深度学习入门之快速建立图片数据集_下载图片_05

向下拖动，可以查看可以使用的API列表和API Keys，注意红框部分，将在后面部分使用到。

深度学习入门之快速建立图片数据集_microsoft_06

至此，你已经有一个Bing Image Search API账号，并可以使用 Bing Image Search API 了。你可以访问：

Quickstart: Search for images using the Bing Image Search REST API and Python
How to page through results from the Bing Web Search API

了解更多关于 Bing Image Search API 如何使用的信息。下面将介绍编写Python脚本，使用 Bing Image Search API 下载图片。

2. 编写Python脚本下载图片

首先安装 requests 包，在终端执行命令

$ pip install requests
复制代码

新建一个文件，命名为 search_bing_api.py，插入以下代码

# import the necessary packages
from requests import exceptions
import argparse
import requests
import os
import cv2

# construct the argument parser and parse the arguments
ap = argparse.ArgumentParser()
ap.add_argument("-q", "--query", required=True,
  help="search query to search Bing Image API for")
args = vars(ap.parse_args())

query = args["query"]
output = "/Users/simon/AI/dataset/" + query

# set your Microsoft Cognitive Services API key along with (1) the
# maximum number of results for a given search and (2) the group size
# for results (maximum of 50 per request)
API_KEY = "YOUR Bing Image Search API Key"
MAX_RESULTS = 250
GROUP_SIZE = 50
 
# set the endpoint API URL
URL = "https://api.cognitive.microsoft.com/bing/v7.0/images/search"

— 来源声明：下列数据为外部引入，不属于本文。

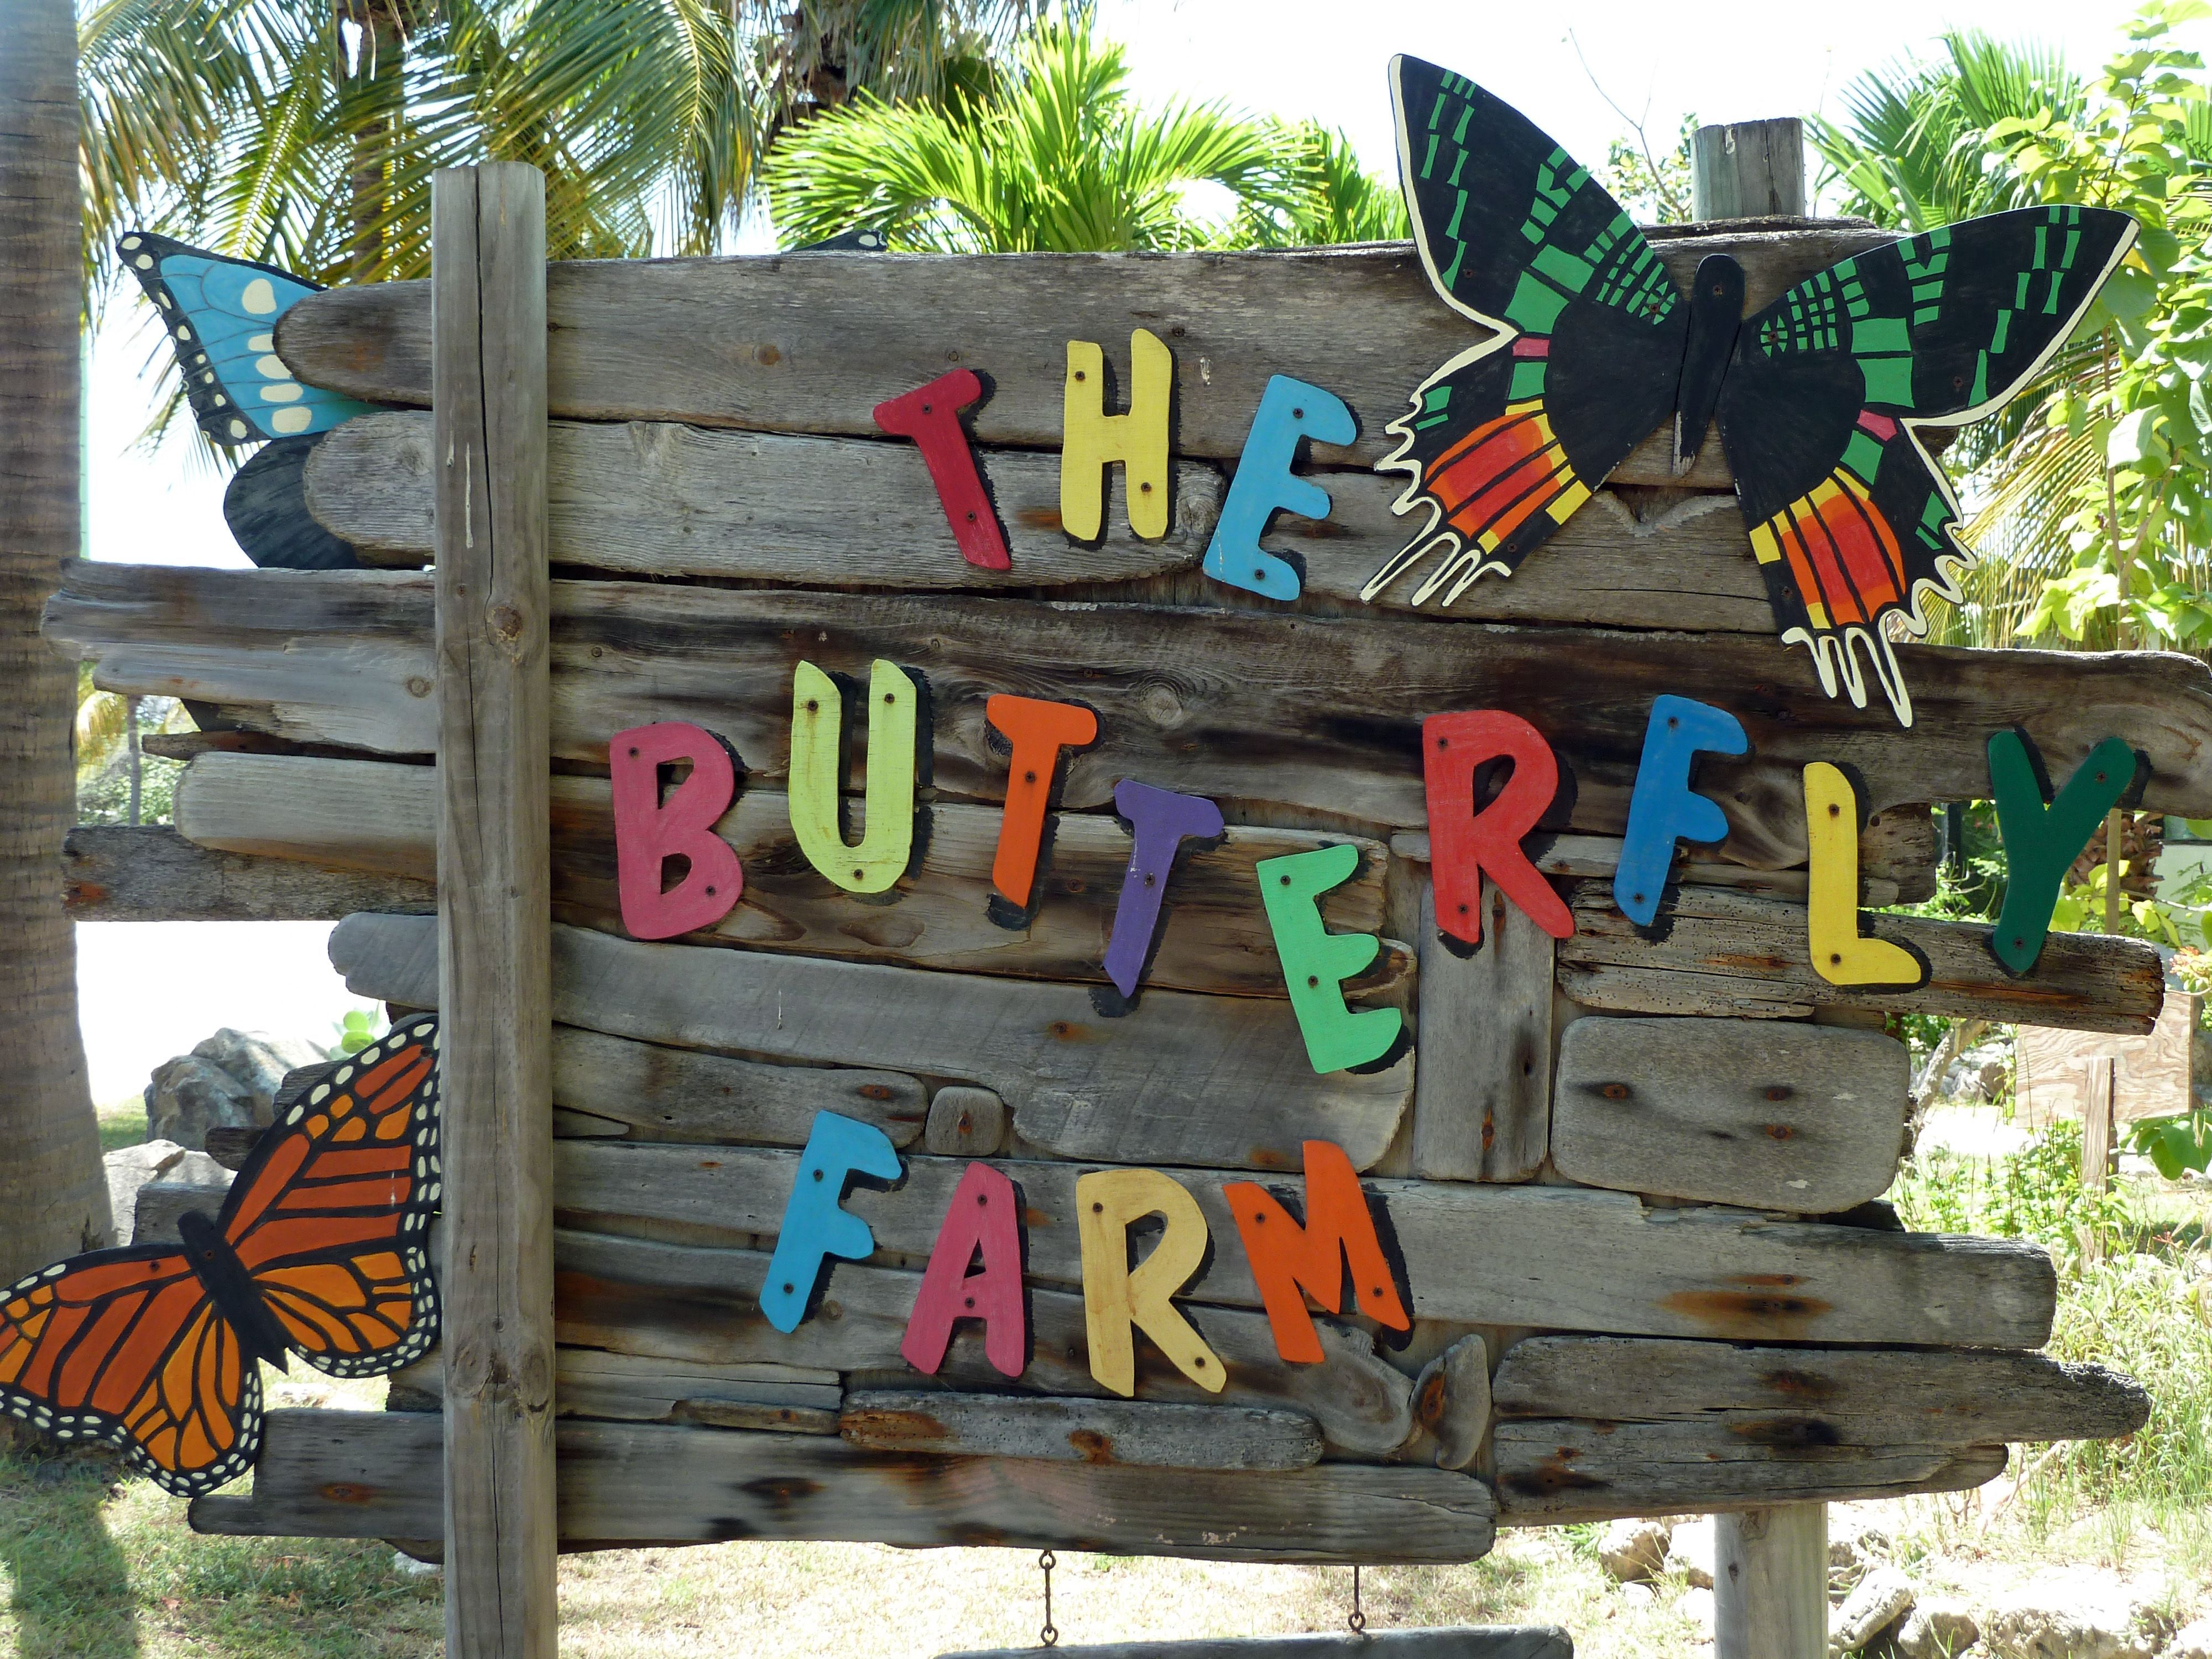 The Butterfly Farm entrance in Aruba

# when attempting to download images from the web both the Python
# programming language and the requests library have a number of
# exceptions that can be thrown so let's build a list of them now
# so we can filter on them
EXCEPTIONS = set([IOError, FileNotFoundError,exceptions.RequestException, exceptions.HTTPError,exceptions.ConnectionError, exceptions.Timeout])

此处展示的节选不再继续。